WHAT TO WORK ON: Everything from the line containing "Lucky Brand Womens" through the last line of the entries needs to be repeated exactly. Pictures must be left out.

PROVIDED RECORDS:
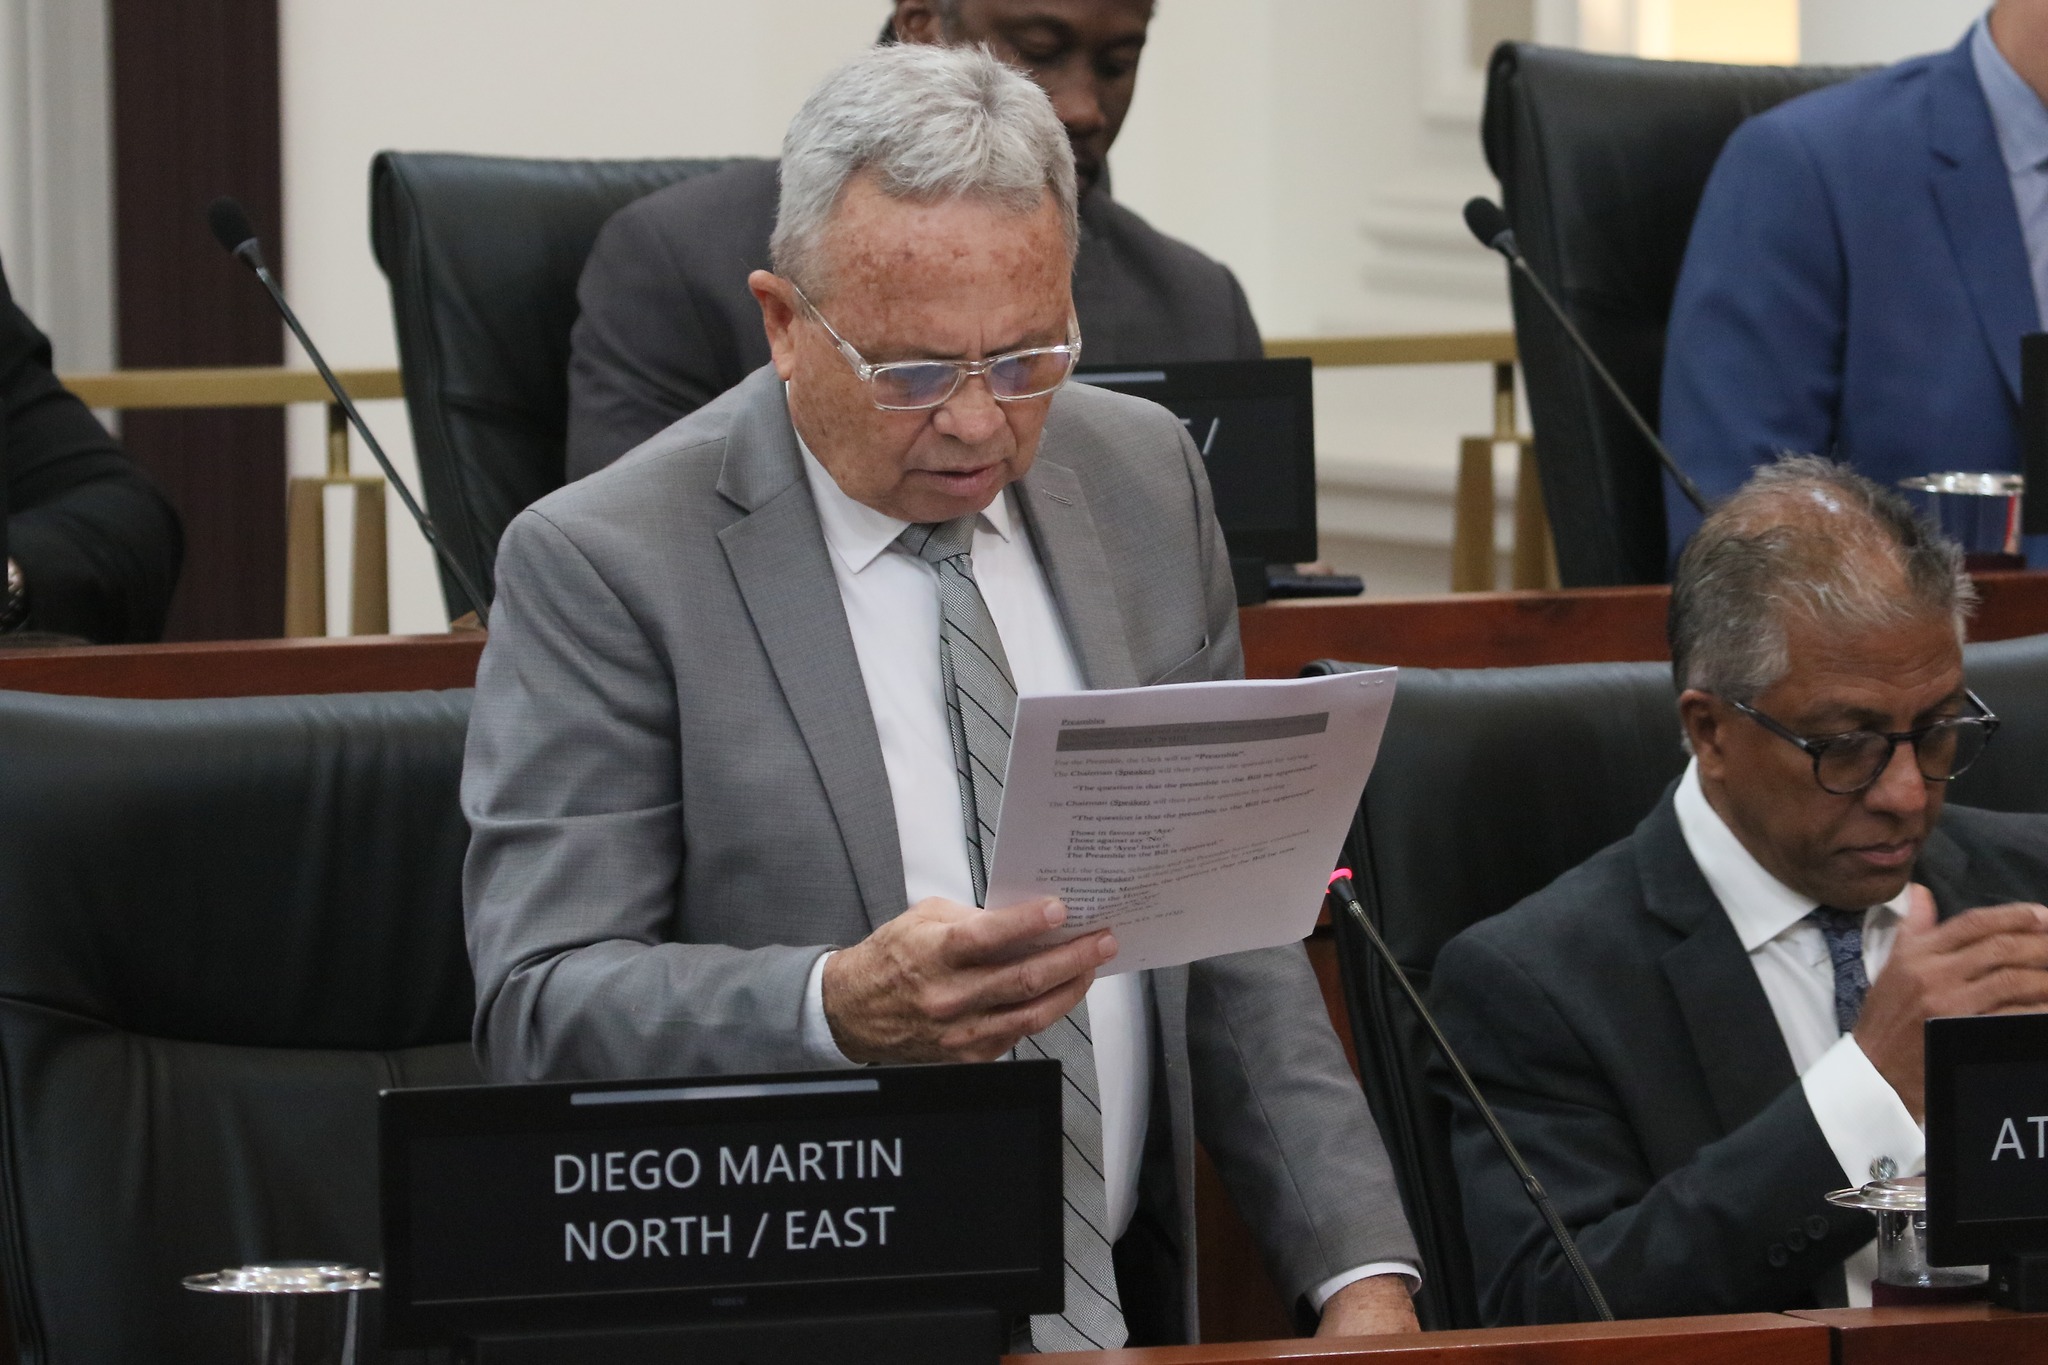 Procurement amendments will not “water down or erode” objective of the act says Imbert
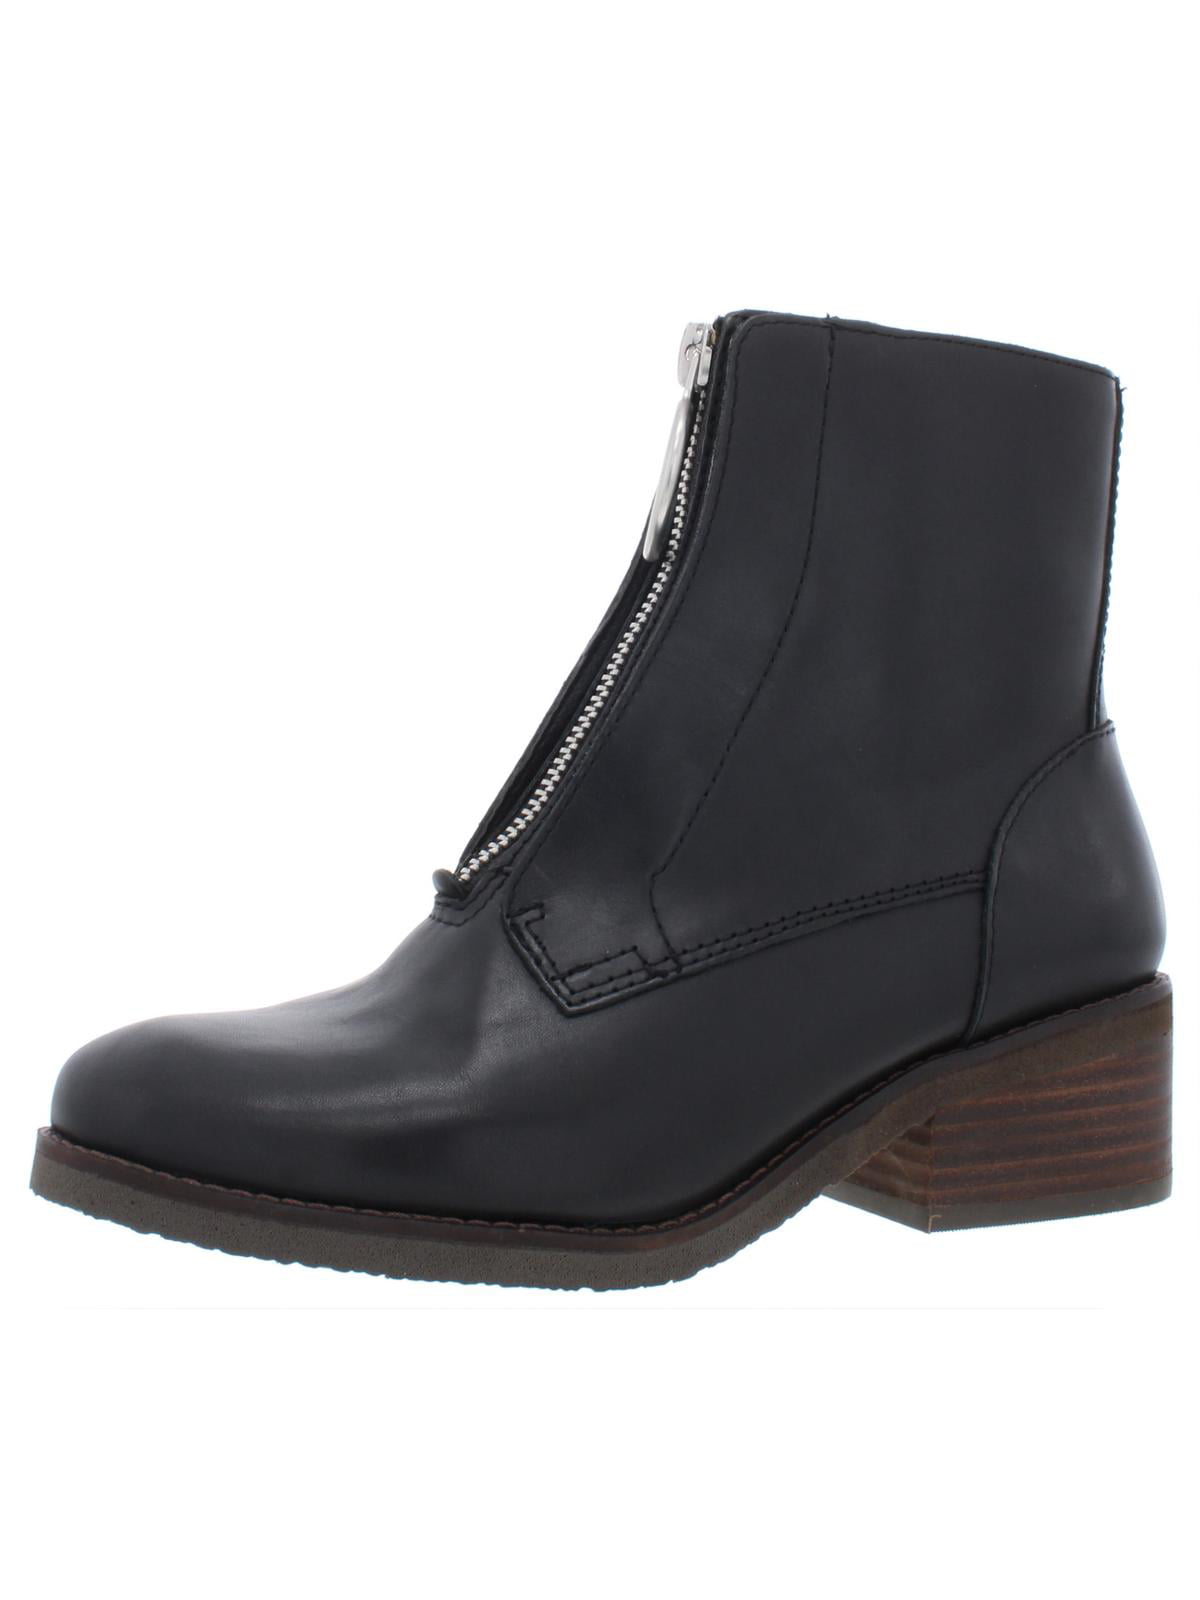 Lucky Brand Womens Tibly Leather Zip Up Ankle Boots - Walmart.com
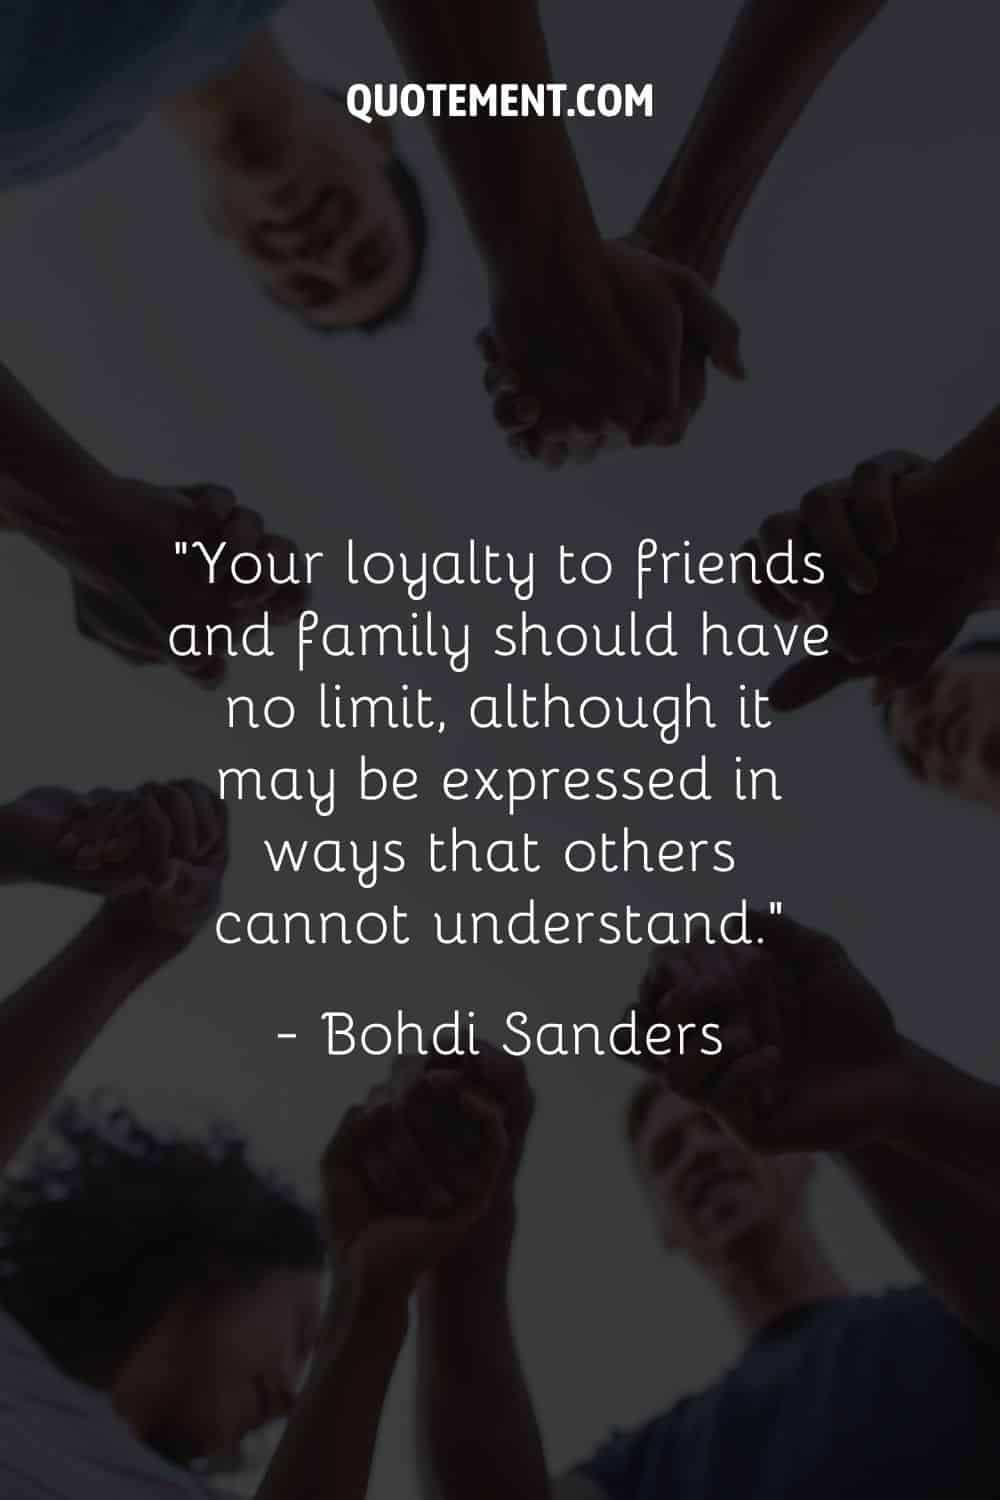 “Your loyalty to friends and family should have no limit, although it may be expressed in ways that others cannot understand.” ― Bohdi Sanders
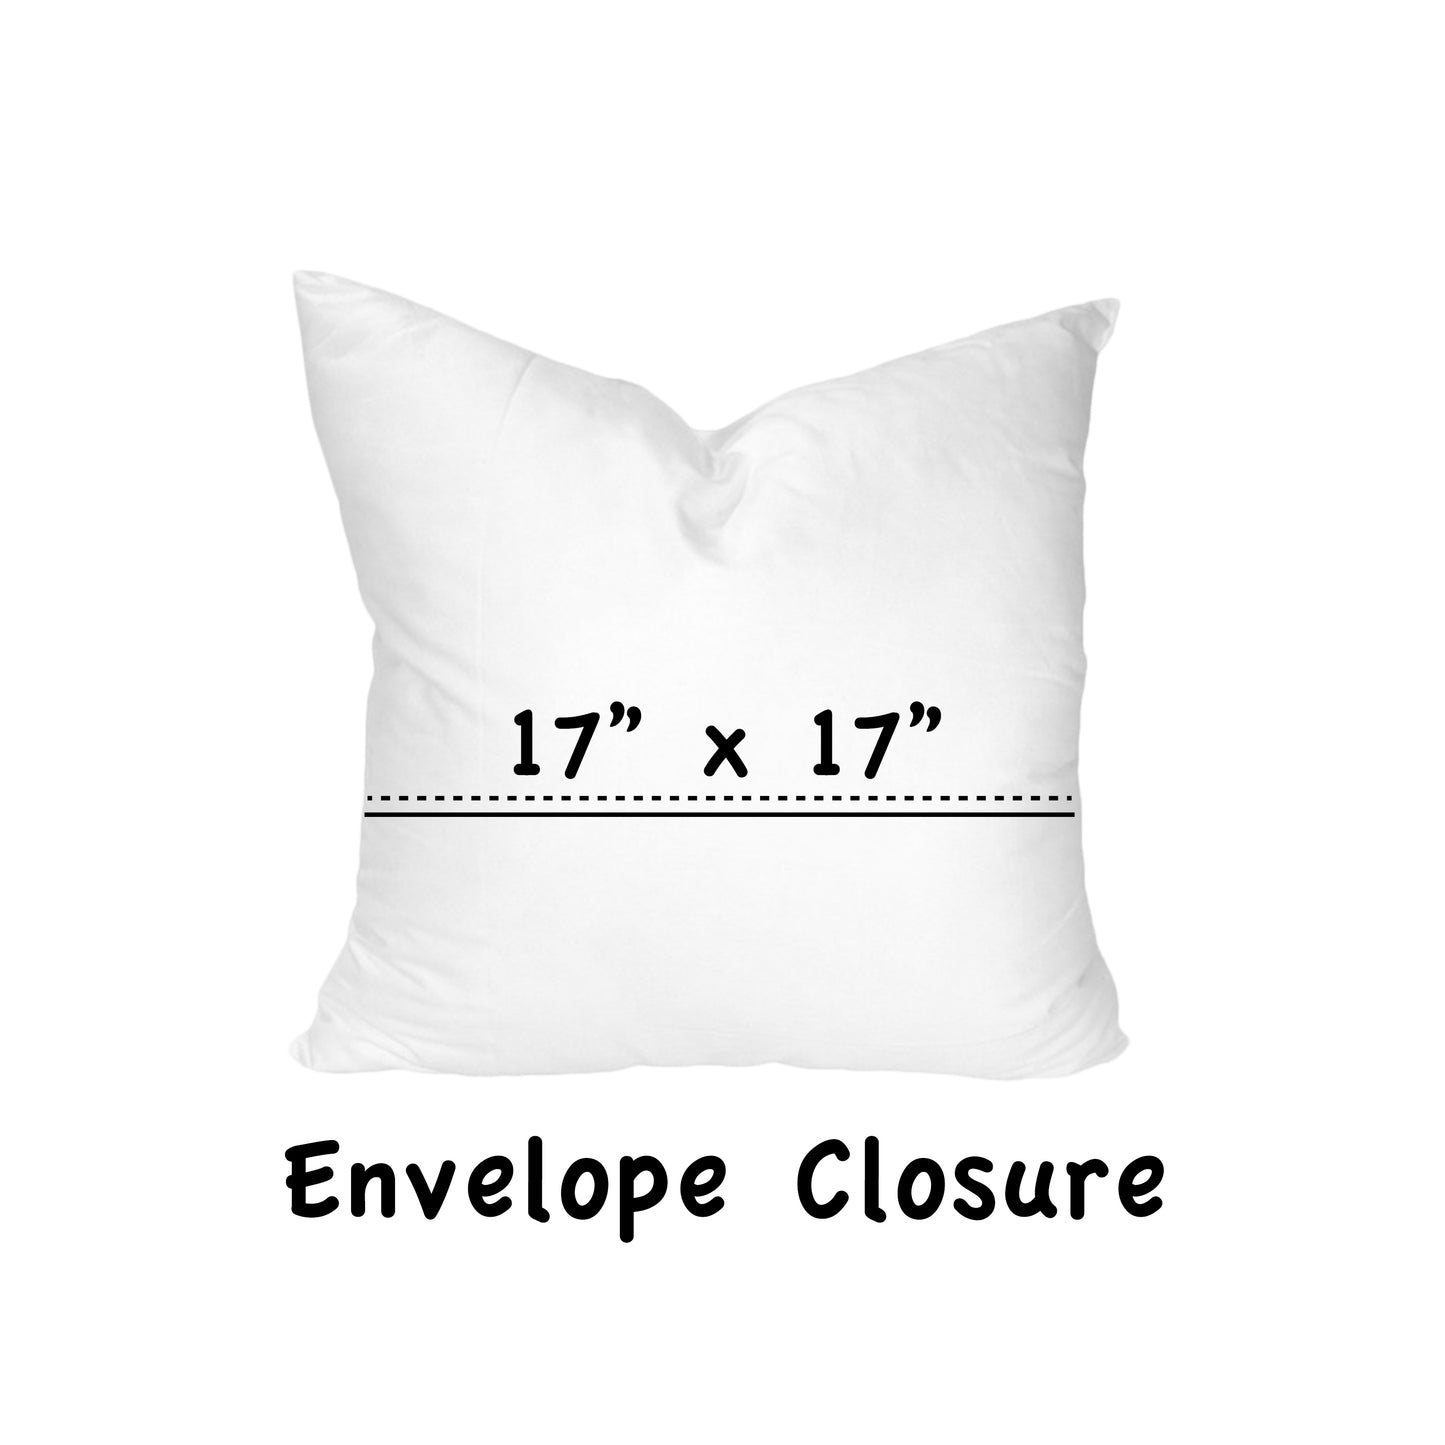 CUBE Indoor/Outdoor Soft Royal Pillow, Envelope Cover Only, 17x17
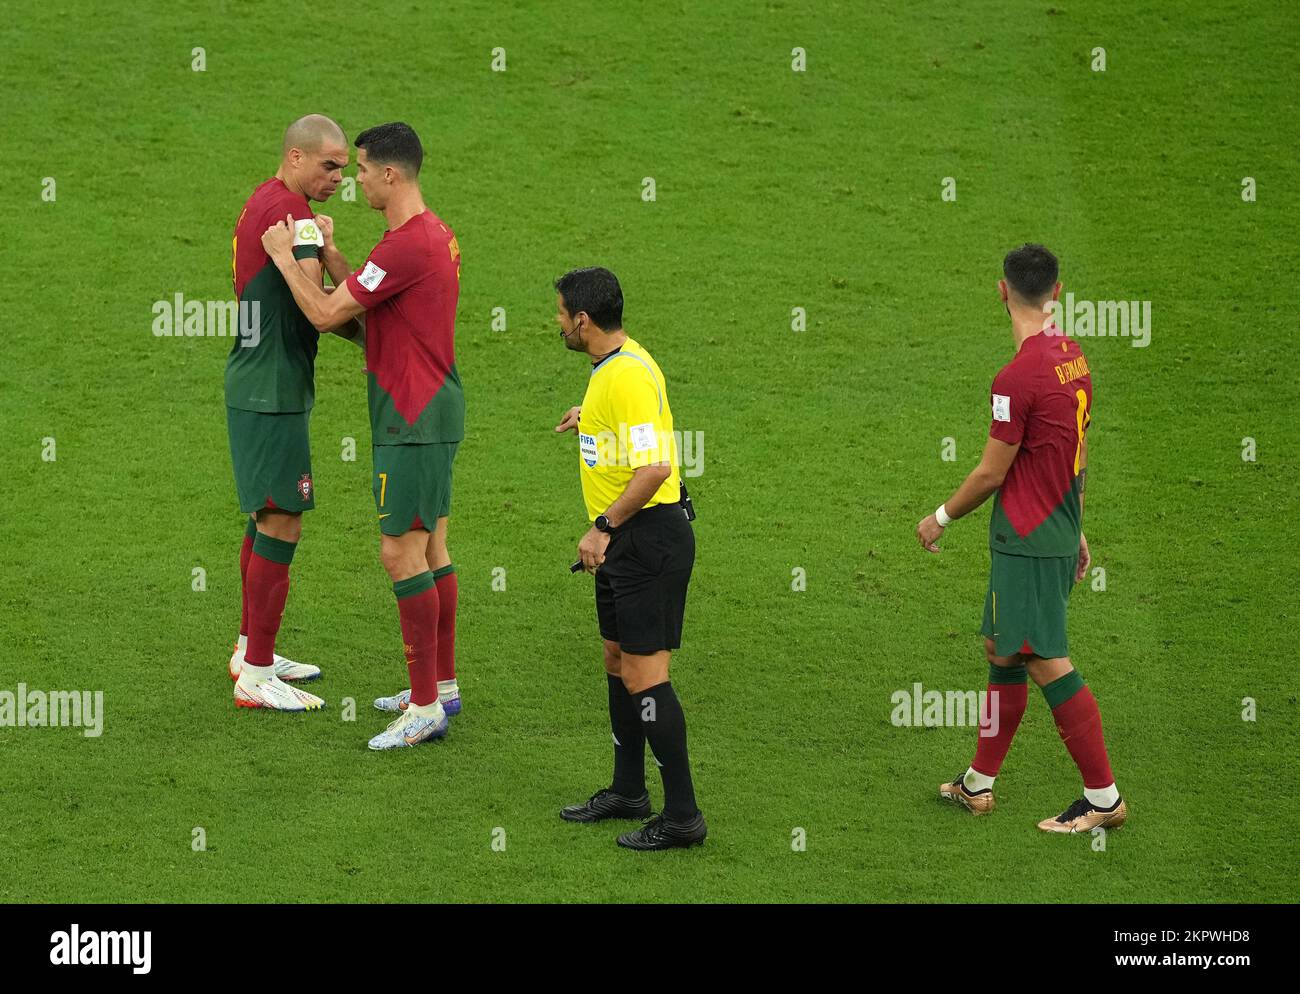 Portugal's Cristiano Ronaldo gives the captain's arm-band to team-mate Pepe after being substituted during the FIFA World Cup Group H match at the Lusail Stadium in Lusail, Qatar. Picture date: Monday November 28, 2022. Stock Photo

PROBLEM SOLUTION:
 Lucky Brand Womens Tibly Leather Zip Up Ankle Boots - Walmart.com
 “Your loyalty to friends and family should have no limit, although it may be expressed in ways that others cannot understand.” ― Bohdi Sanders
 CUBE Indoor/Outdoor Soft Royal Pillow, Envelope Cover Only, 17x17
 Portugal's Cristiano Ronaldo gives the captain's arm-band to team-mate Pepe after being substituted during the FIFA World Cup Group H match at the Lusail Stadium in Lusail, Qatar. Picture date: Monday November 28, 2022. Stock Photo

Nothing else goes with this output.